The big question, however, is simply: Is that an adequate description of marriage as we now practice it? Is that an adequate description of how marriage has always been practiced across cultures? Or, to put it another way, have human societies across cultures agreed that George's description is, indeed, the "natural" definition of marriage? That's what natural law is supposed to do after all. We could ask the same question of Schlager: Is sexual behavior always an expression of human love? Both may argue that in the most moral situation, the answer to those questions is yes. For George it is simply definitional: "When we get behind the church and behind the state, you've got a natural reality that two men or two women … cannot consummate a marriage. It's a physical impossibility."
Obviously George's is by no means a universal definition of marriage, nor has sexual behavior within marriage always been an "expression of human love": For most much of its history, marriage has been defined as the union between a man and one or more women that functioned as much to assure paternity and property transfer as to express human love. Nowadays, at least in the West, but beyond as well, marriage has become more a special form of friendship that may or may not include procreation (or even sex for that matter); when it is "open to life," it usually results in far smaller famllies than it once did. While it's certainly true that men and women "naturally" come together sexually and produce children, the way societies have organized that biological function have varied, and by and large they continue to recognize as "married" couples who were never able to procreate--in fact, the church has long insisted that such marriages cannot be dissolved. Over the years and in many cultures, that has sometimes been a very unpopular position.
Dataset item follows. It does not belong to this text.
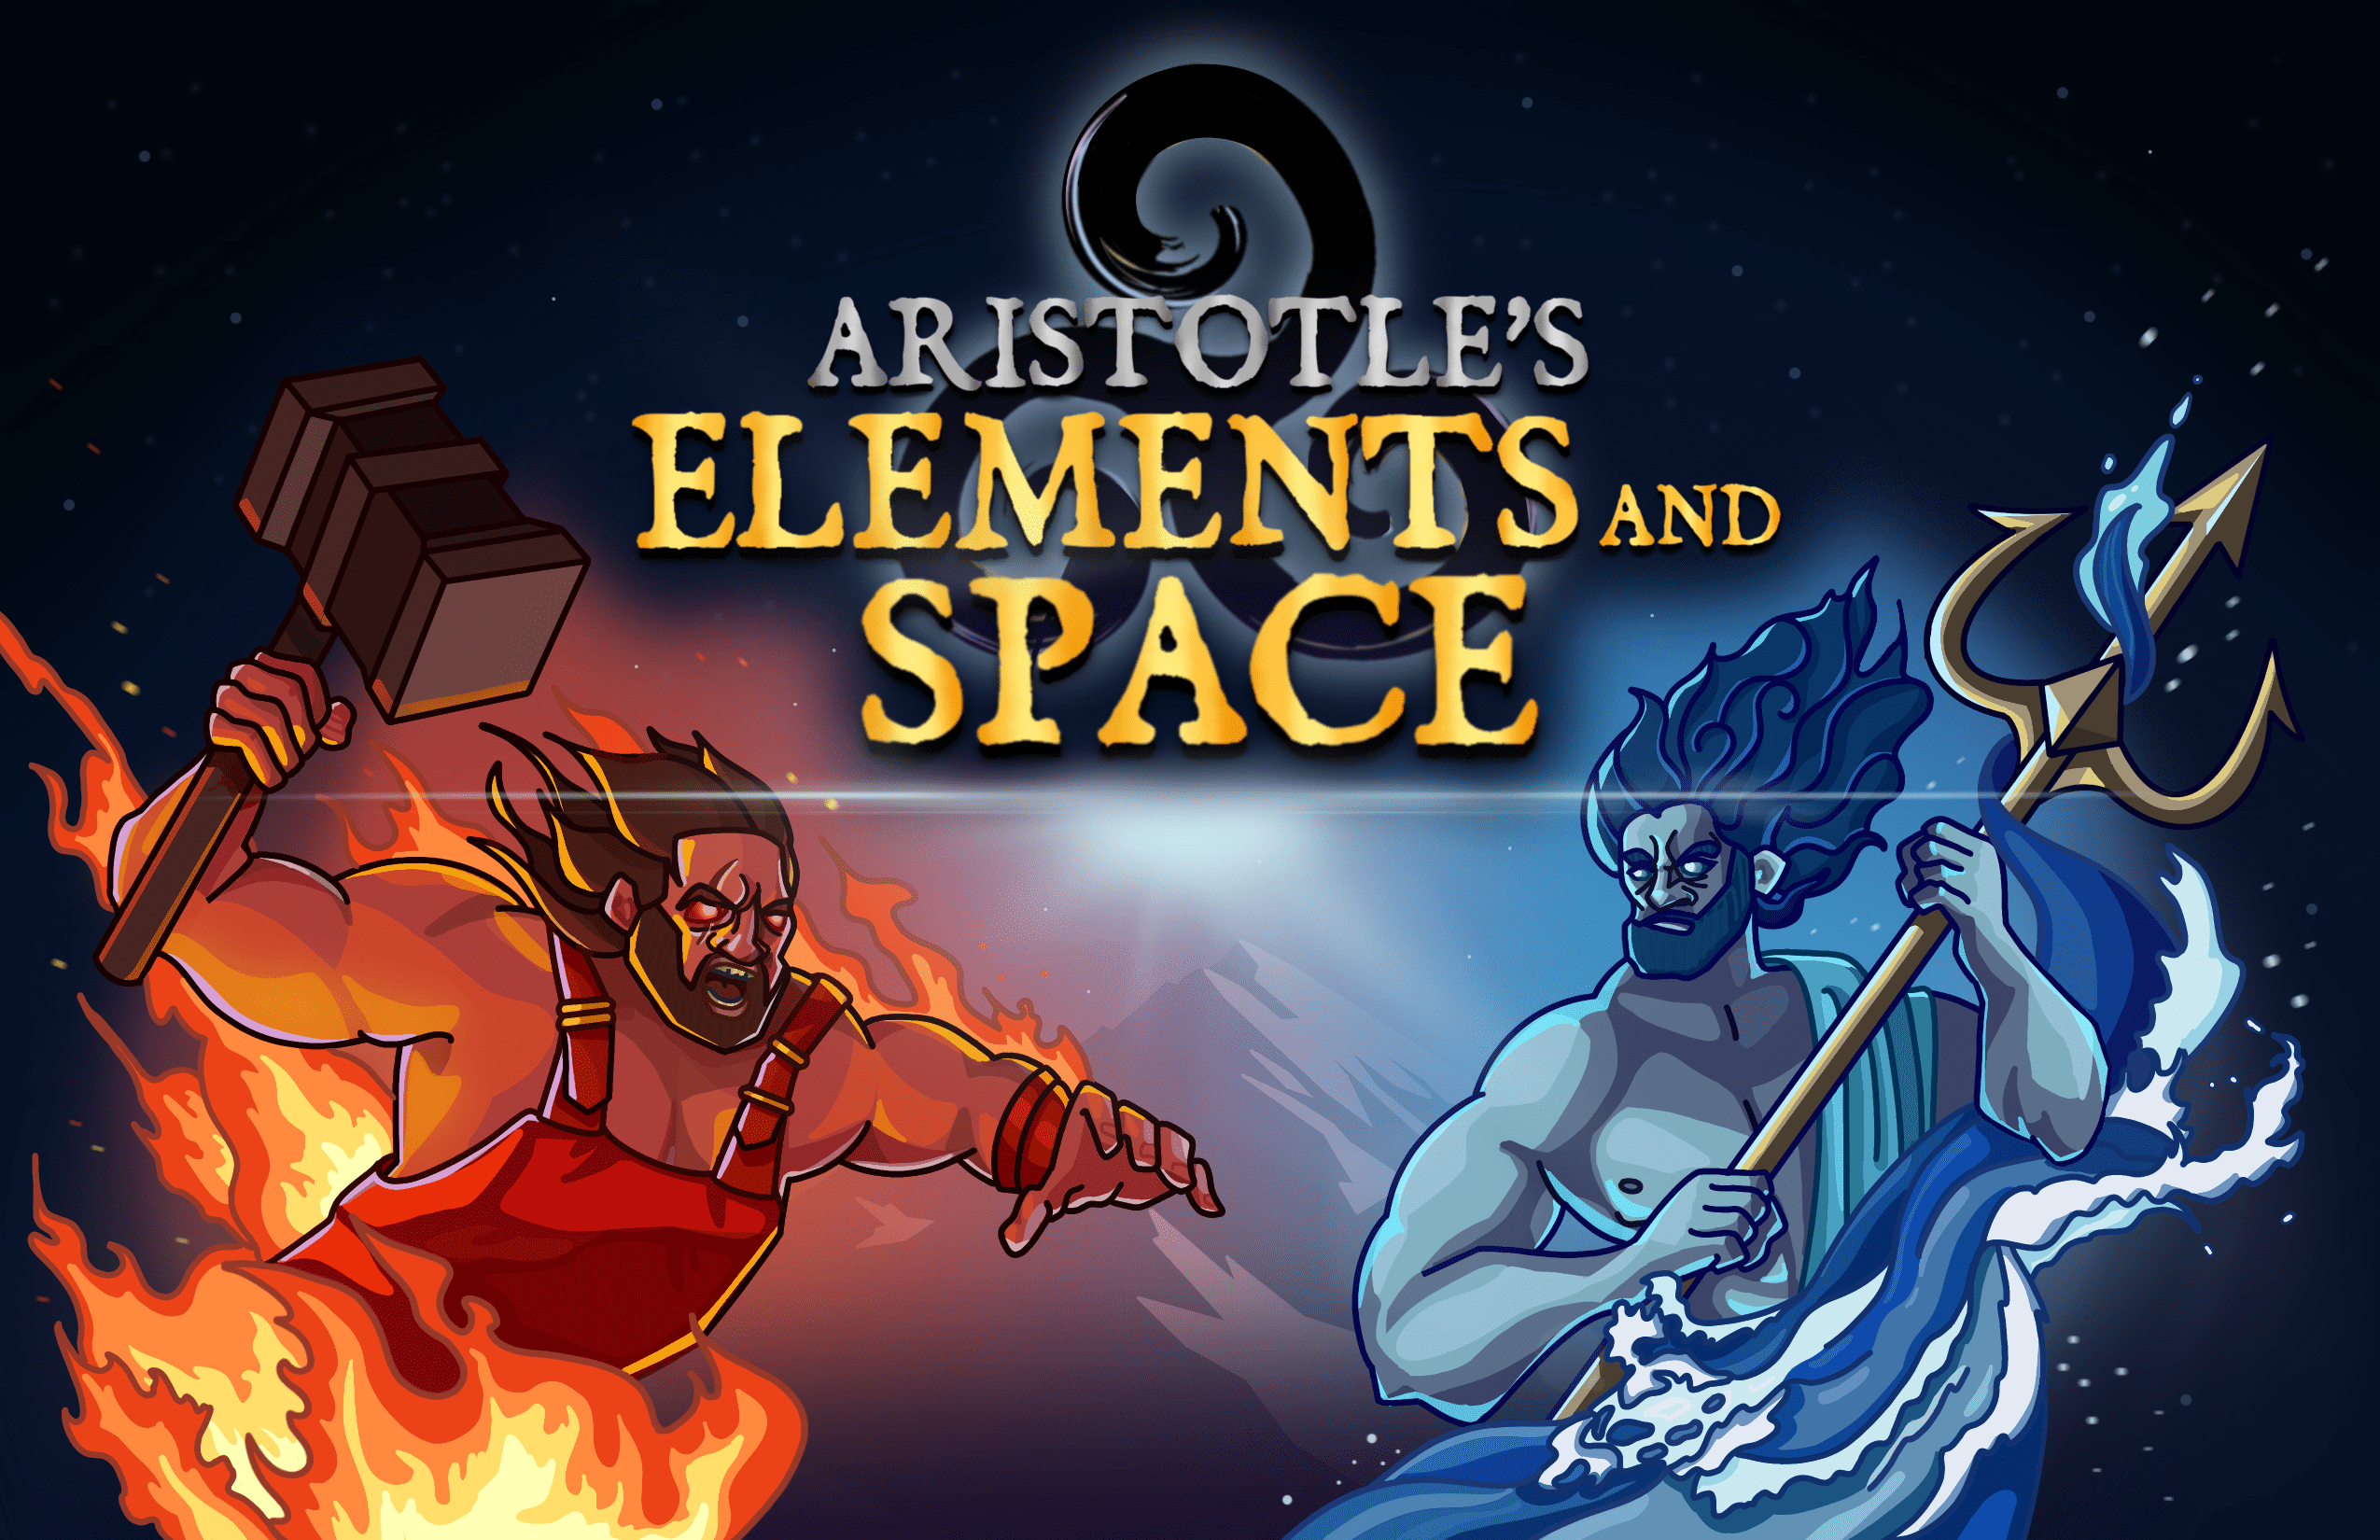 Aristotle's Elements and Space
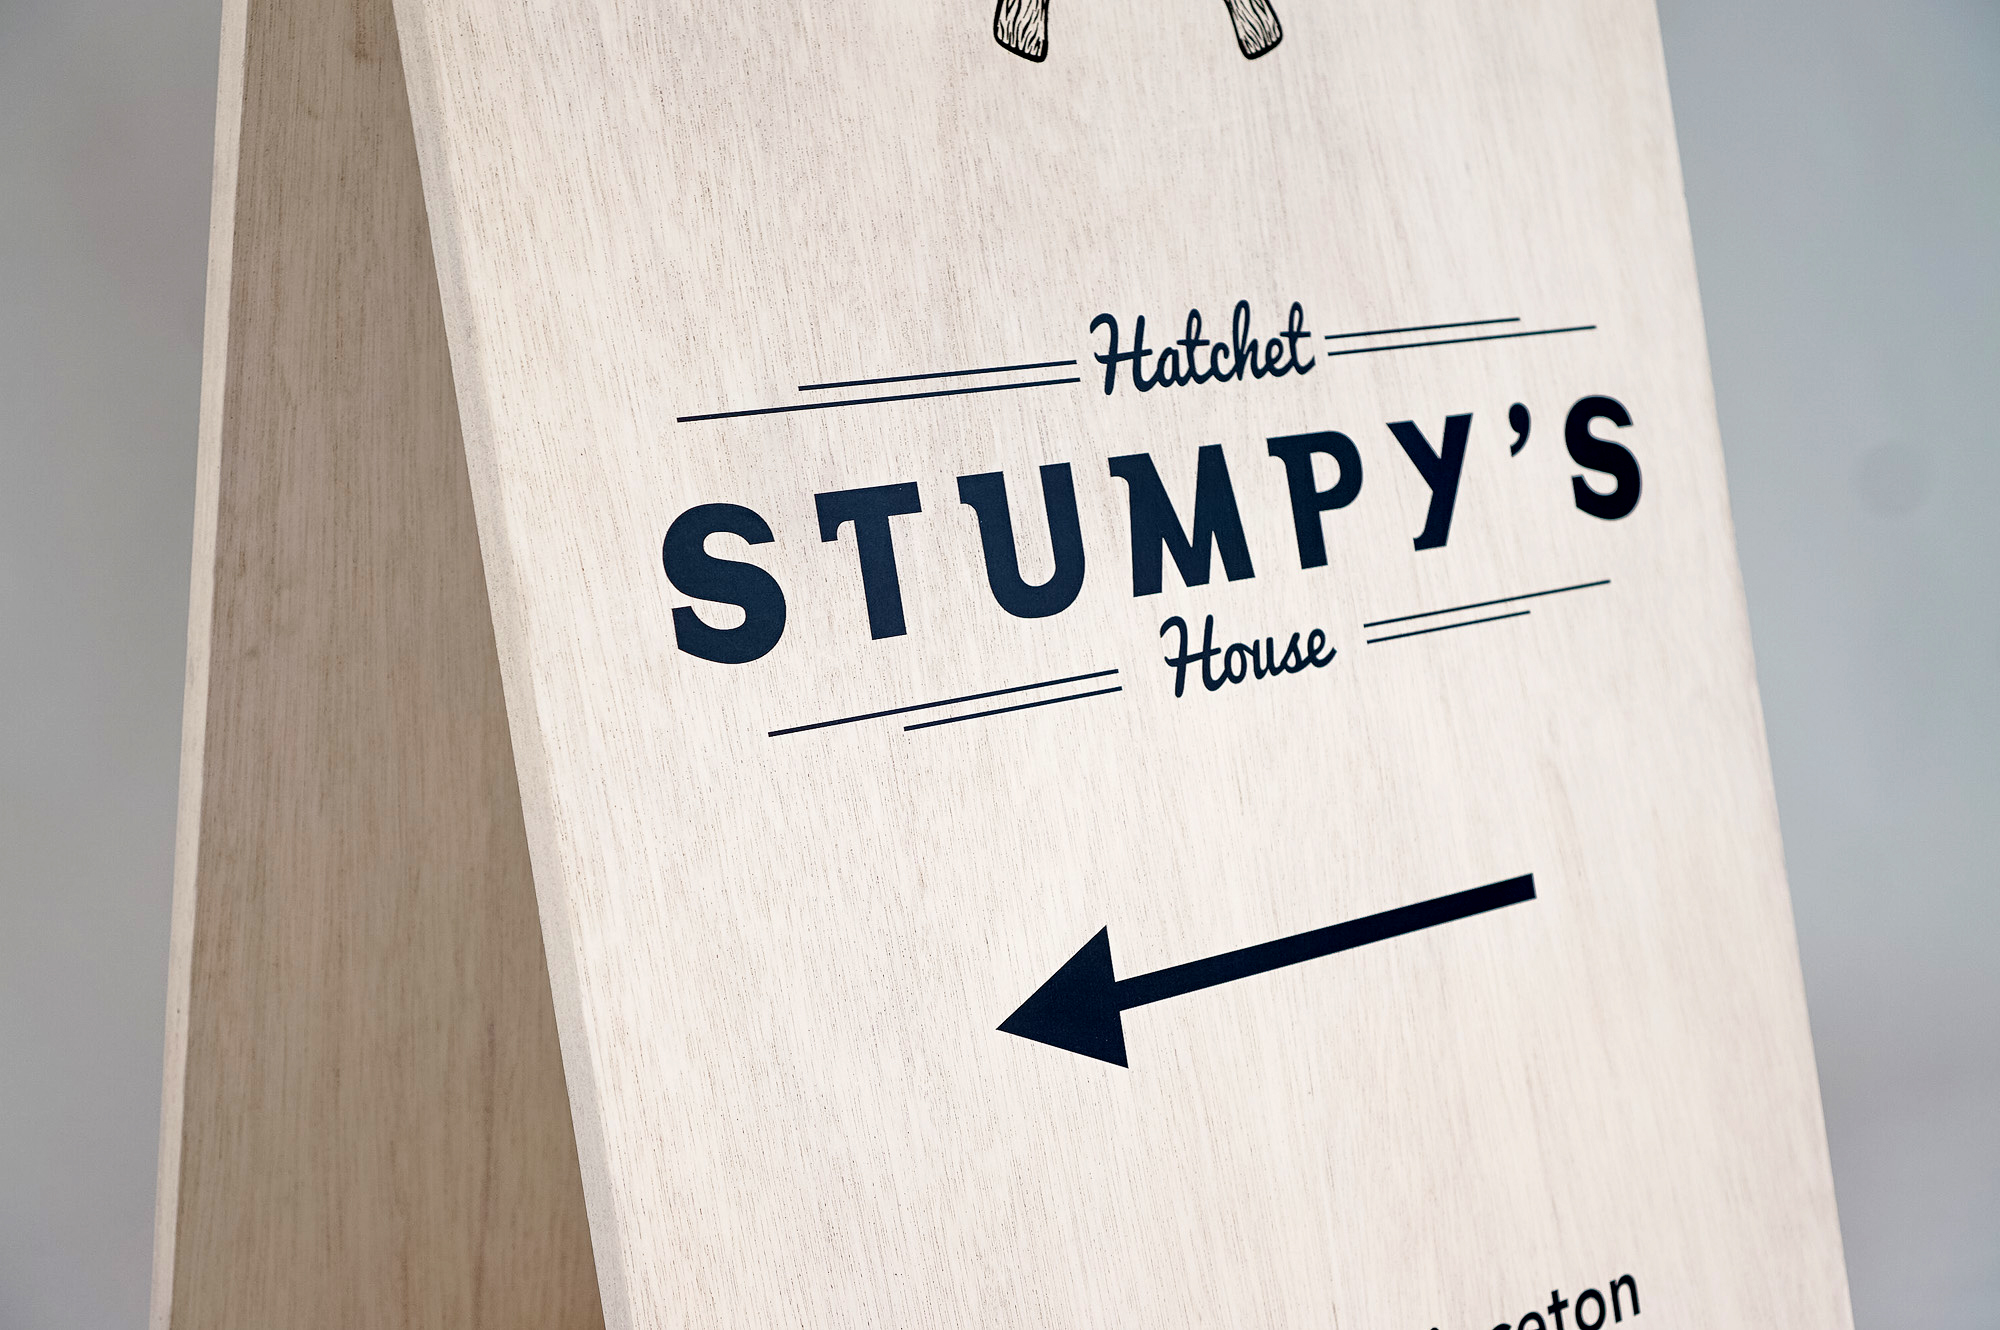 Stumpy's, the first hatchet throwing venue in the U.S.

In the end, I'm not sure that natural law is all that helpful in the matter of same-sex civil marriage; when it comes from the mouth of a public religious figure, it ends up looking like a religious argument passing itself off as a neutral rational argument anyway. If anything, I think it better to distinguish between what is a sacrament within the Christian household and what is a contract in the civil realm. Each has its own appropriate arguments. Once we dismiss prejudice against gay and lesbian people as legitimate arguments against their civil marriage (and George, to his credit, says that "nobody should be disdained or persecuted because of their sexual orientation"), all that's left is the question of whether a civil marriage requires both a male and female partner (regardless of their willingness and ability to procreate). That's a question voters, courts, and legislatures are now deciding.
Within the churches, however, we have another set of questions that we ought to be asking, the first of which is simply: Why do we celebrate marriage in church at all? What has marriage to do with the reign of God? Is it indeed a kind of friendship? Does it require a commitment to at least attempt to bear children, or if not able to, to adopt or rear them in some other way? We might start by asking married couples and those who wish to be married to answer those quesitons themselves. We might be surprised by the answers we get.